Ultimately though none of it was real, it was all Q game
 
the anomaly is supposed to have been formed by the interaction of the Enterprise's scan across the three time frames, but in the future timeline, it's the PASTEUR that runs the scan, not the Enterprise.

Actually, it's only a guess on Data's part which ever mentions the scans all coming from the Enterprise. His exact words were:

Data said:
The two other pulses have the exact same amplitude modulation as our own pulse. It is as if all three originated from the Enterprise.

Since Data is the one who actually MADE the pulse (in all three time frames), then it makes sense they would all have the same modulation. And since present-time Data is the only one who suggests that they come from the same ship, it makes even more sense, since that version of Data obviously can't know of the Pasteur which doesn't even exist yet.
 
My opinion is that the future enterprise should never see the anomaly at all.
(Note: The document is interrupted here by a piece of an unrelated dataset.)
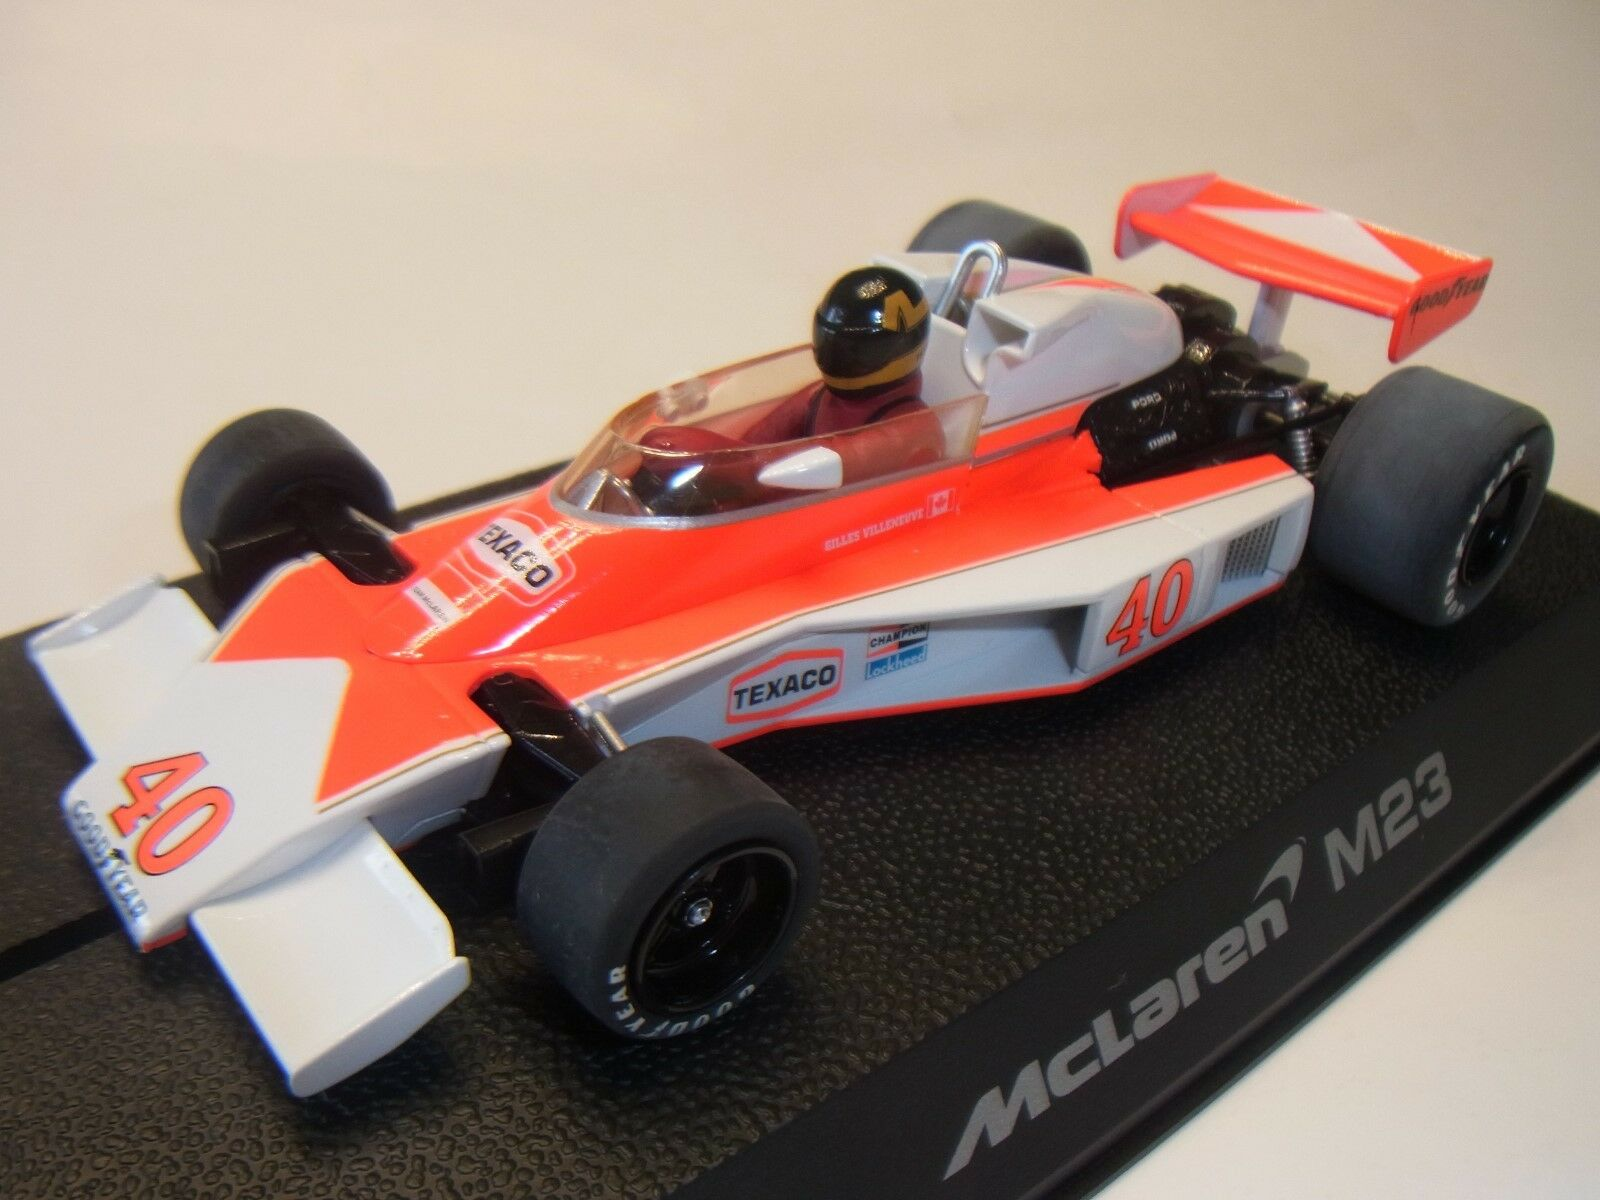 Scalextric Mclaren M23 Villeneuve C2800 para Circuito de Coches Slot 1  3 2

What would happen then is Riker, in a last favor to his friend, mentor, and former captain, could have the future Enterprise scan the area; the scan sees the build up of anti-time and the rupture but nothing else. The Pasture's sensors could be said to have missed the rupture because it is a hospital ship and doesn't need sensors that are that as sensitive as those on the Enterprise. Data and Geordi figure out they can't see the anomaly because it's traveling backwards through time but they need to stop it because it will interfere with history. Data and Geordi with the help of time traveling Picard devise the idea of the static warp shell. Riker can then take the Enterprise into the rupture, and suddenly find itself in the anomaly and everything happens as it did.
 
I'm going to say, they didn't want you to notice that.

I'll say, maybe it grows in both directions. But of course, if the future is destroyed we can't see that yet, and if the past is destroyed we never existed to go out into space to cause it..... Irrational, Illogical, please explain.......boom.